What needs to be done:
Write out exactly the lines running from the one with "z_mosvodokanal" to the end of the data, including both of those lines and excluding pictures.

Data provided:
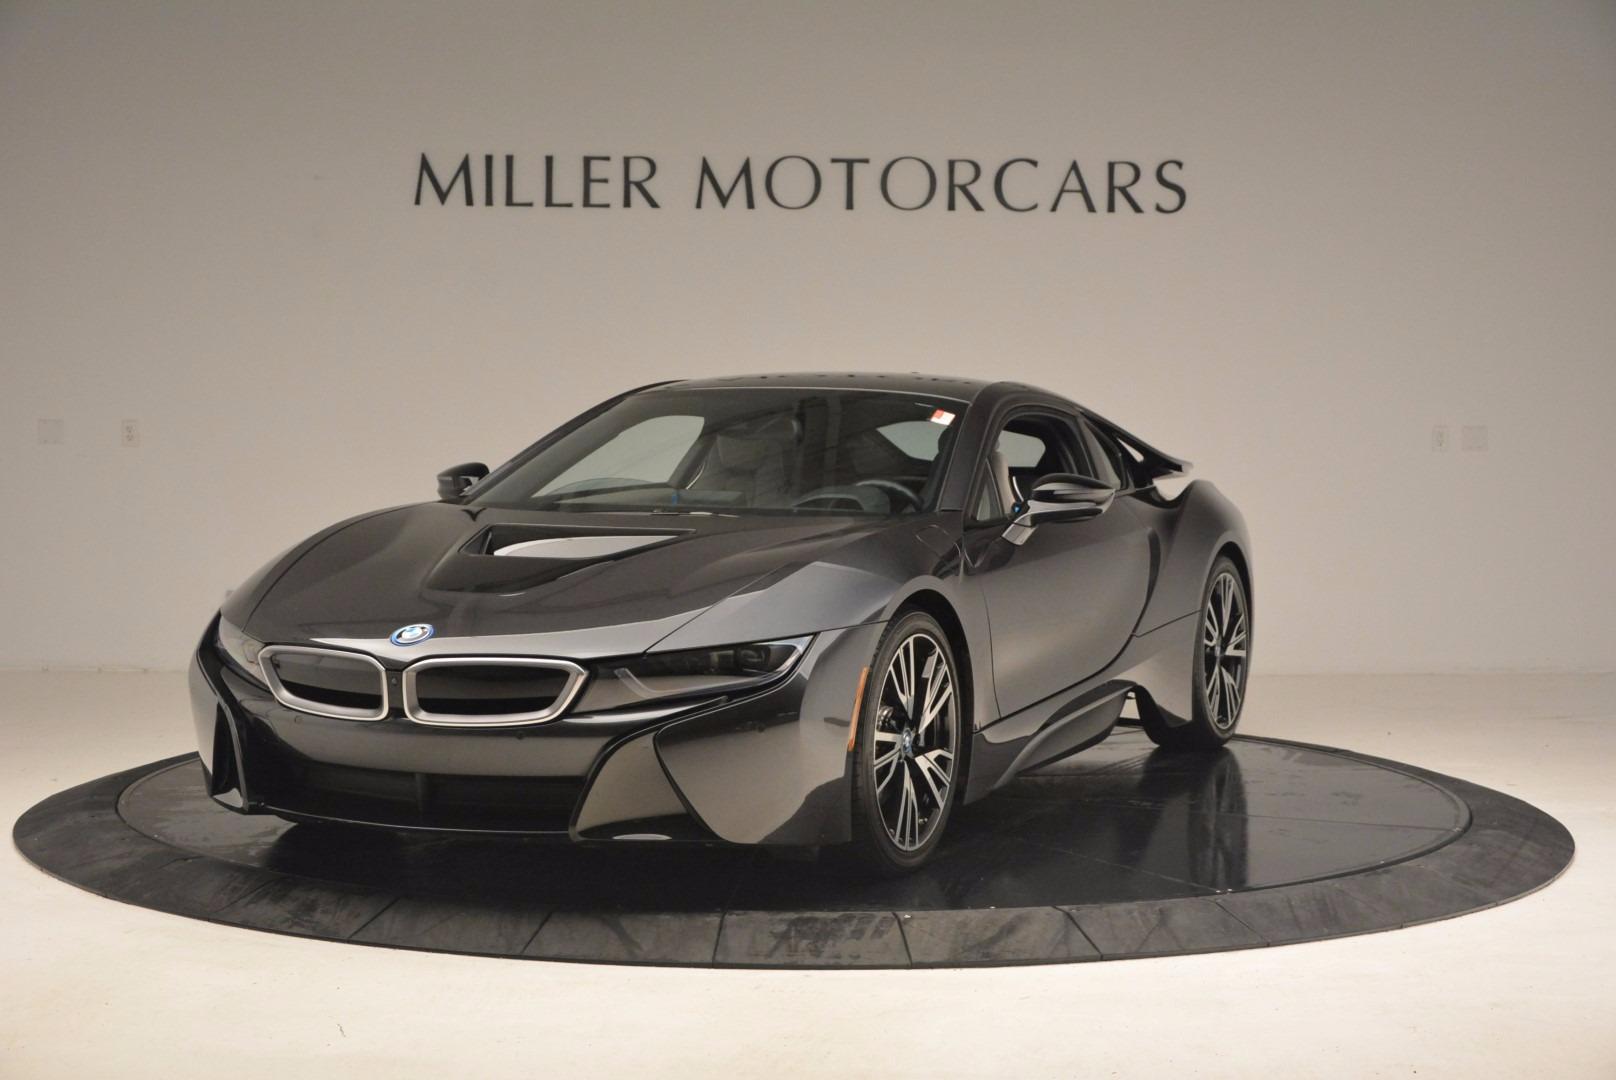 Used 2014 BMW i8 for sale Sold at Alfa Romeo of Westport in Westport CT 06880 1
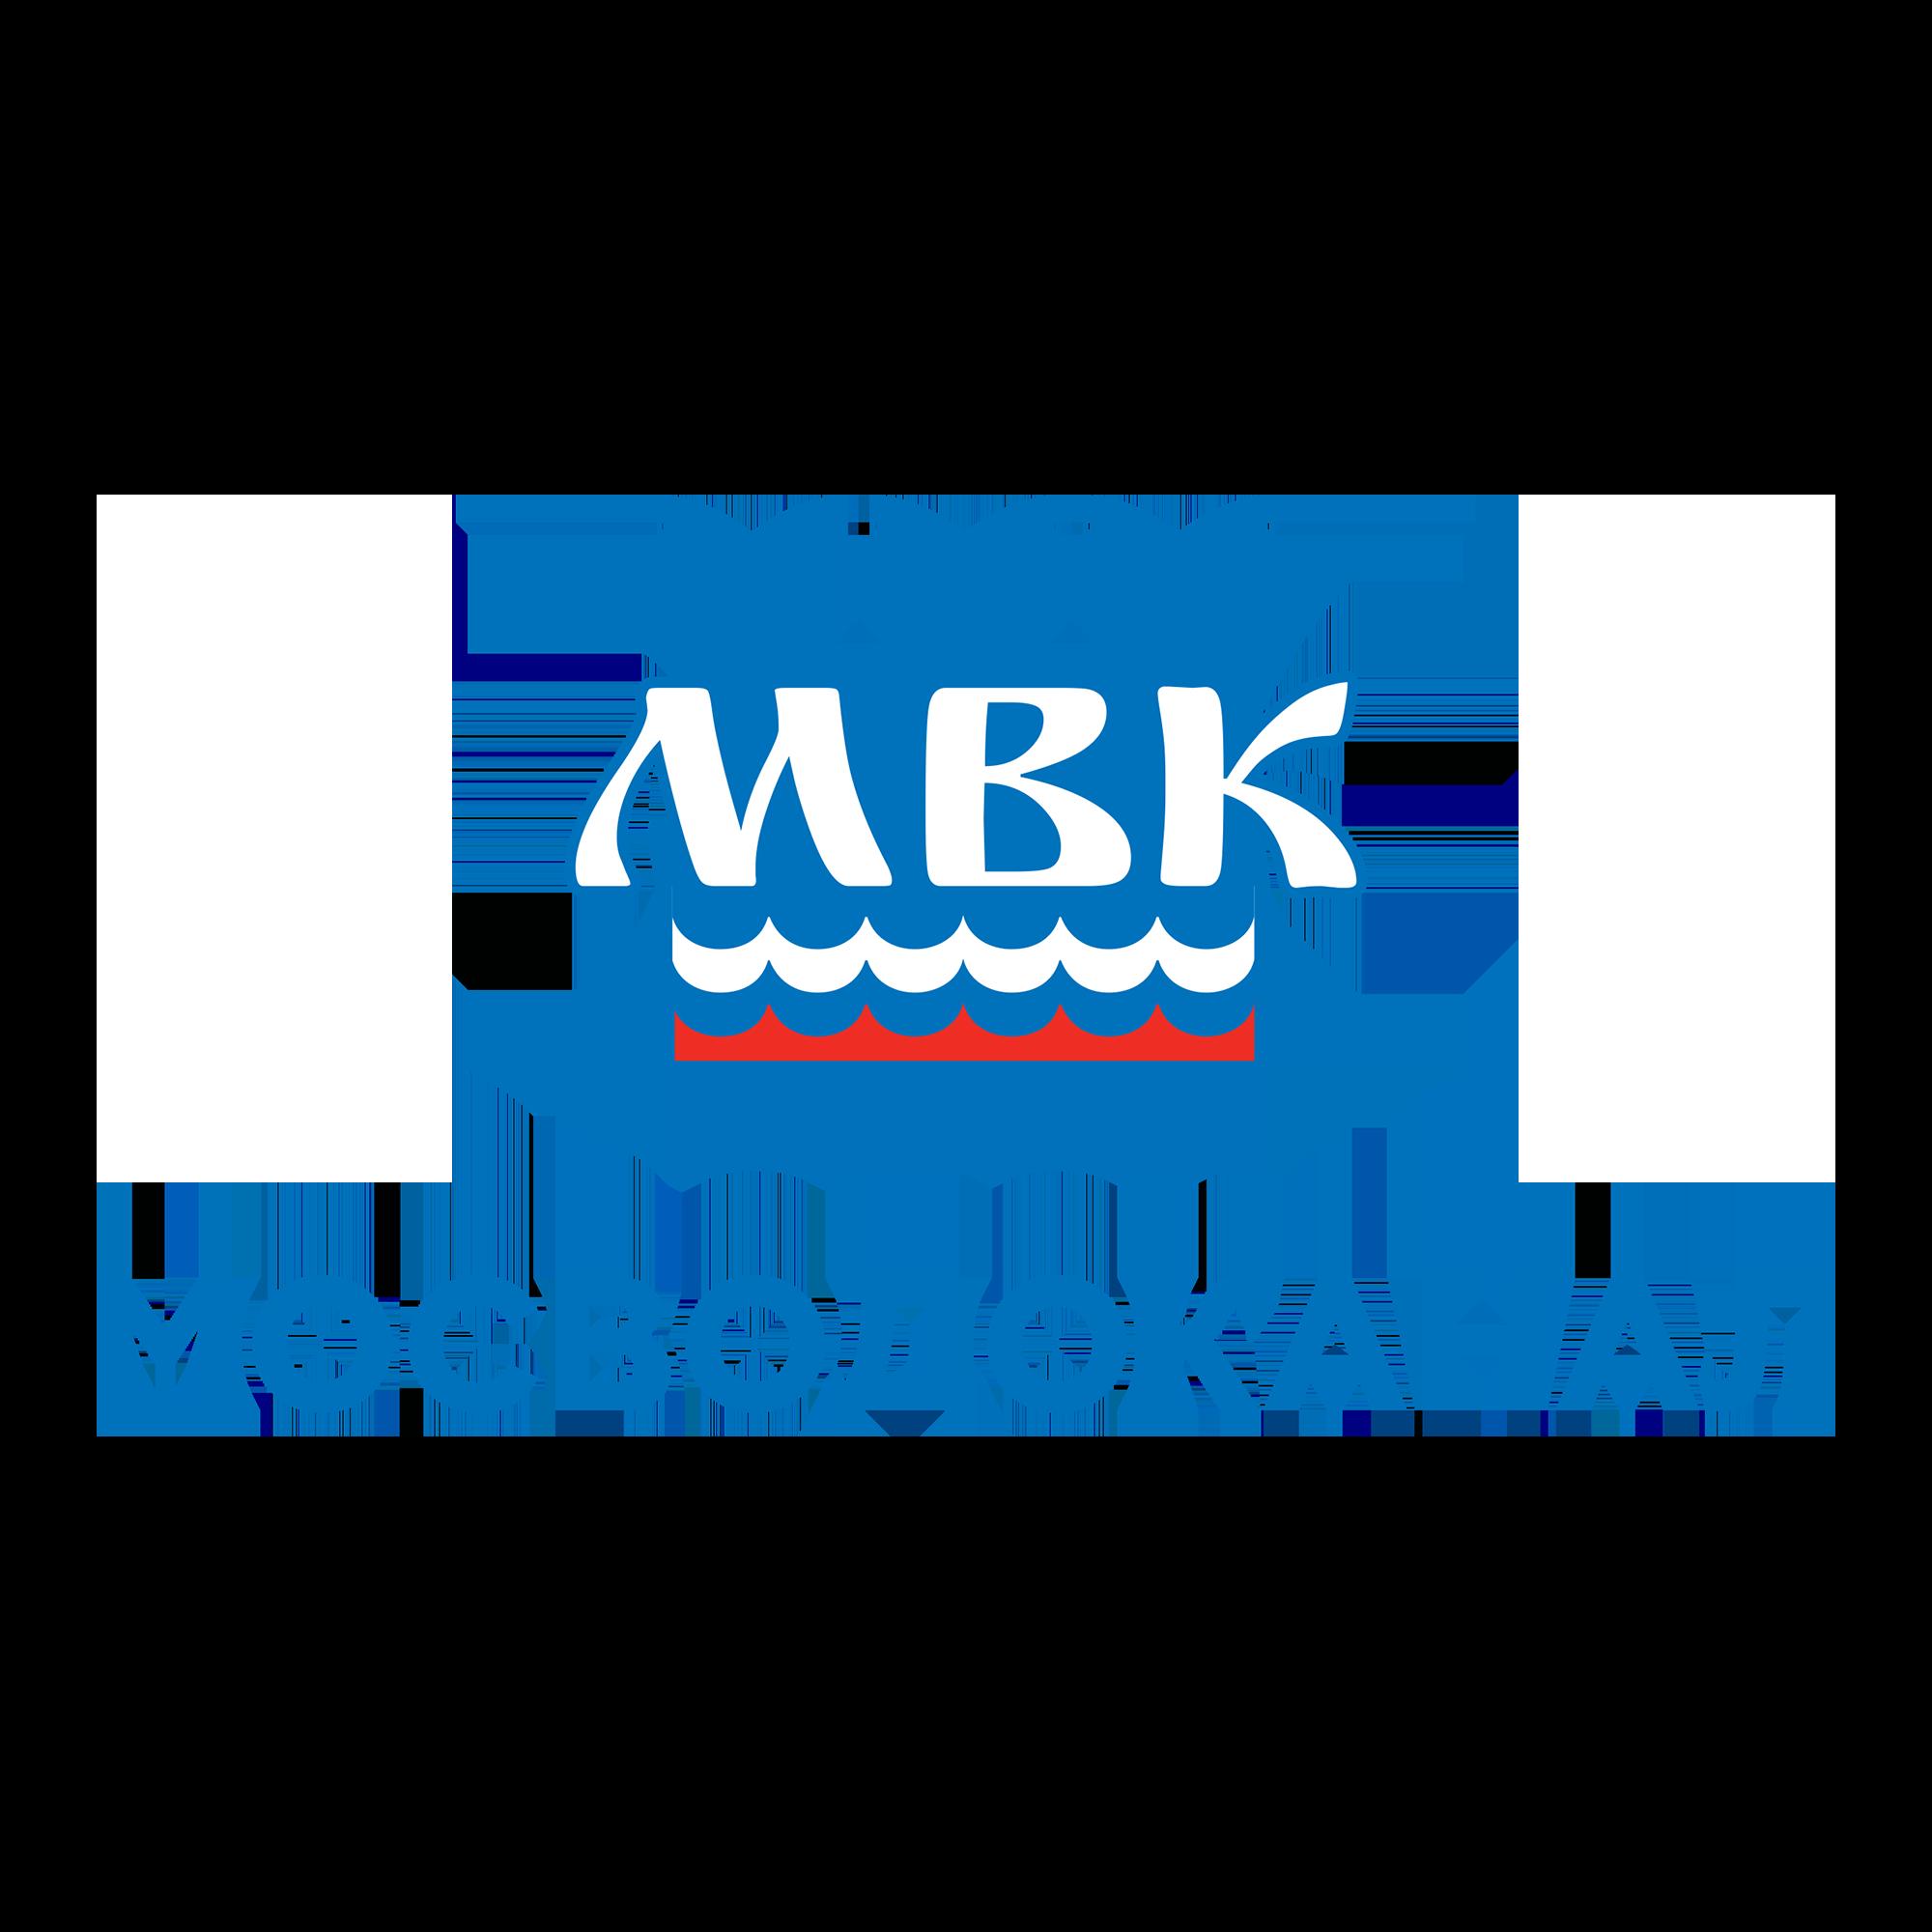 z_mosvodokanal
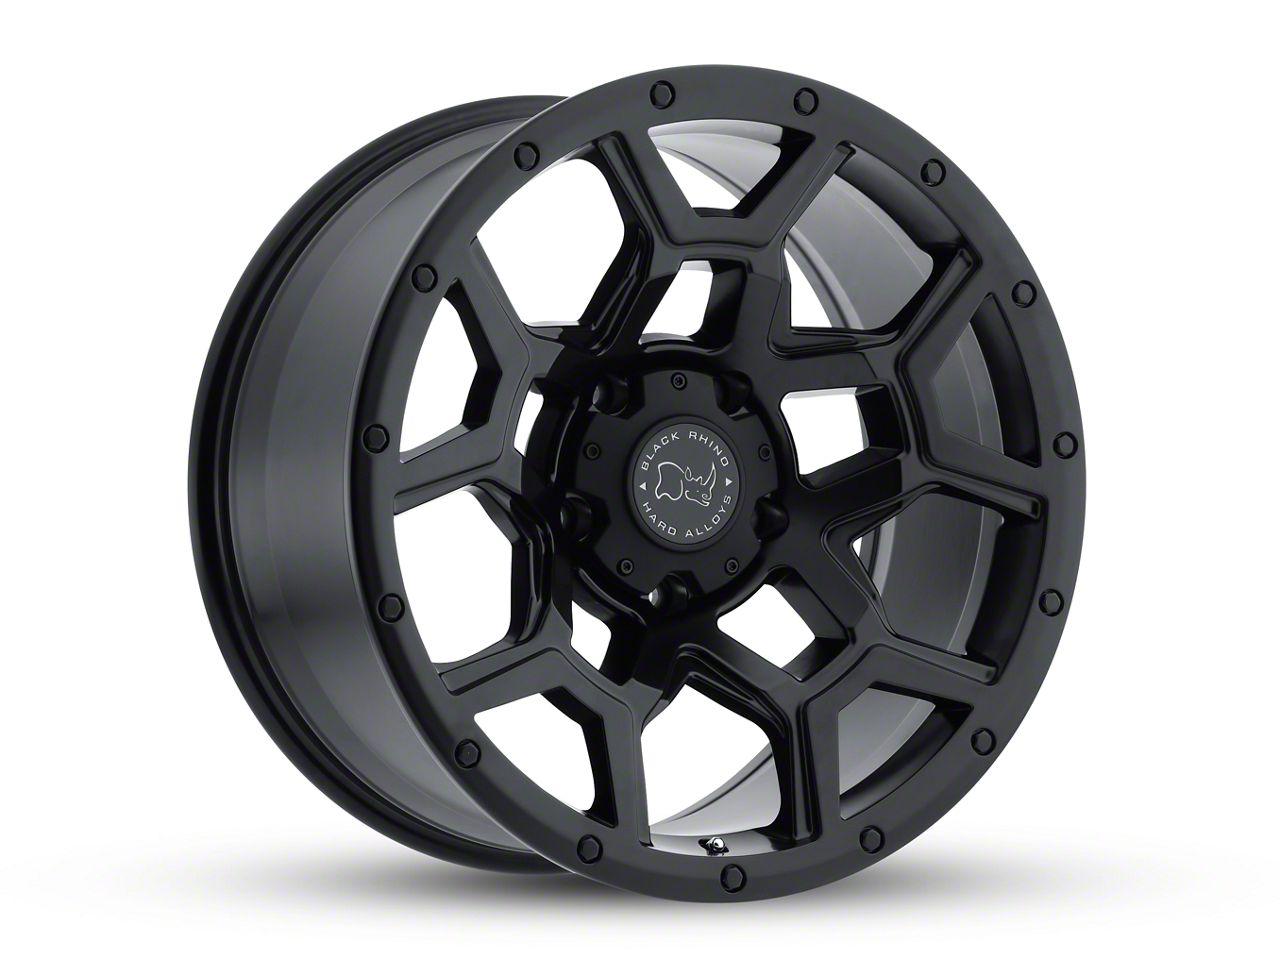 Black Rhino Overland Matte Black 6-Lug Wheel - 18x9.5 (07-18 Sierra 1500)

Answer box:
 z_mosvodokanal
 Black Rhino Overland Matte Black 6-Lug Wheel - 18x9.5 (07-18 Sierra 1500)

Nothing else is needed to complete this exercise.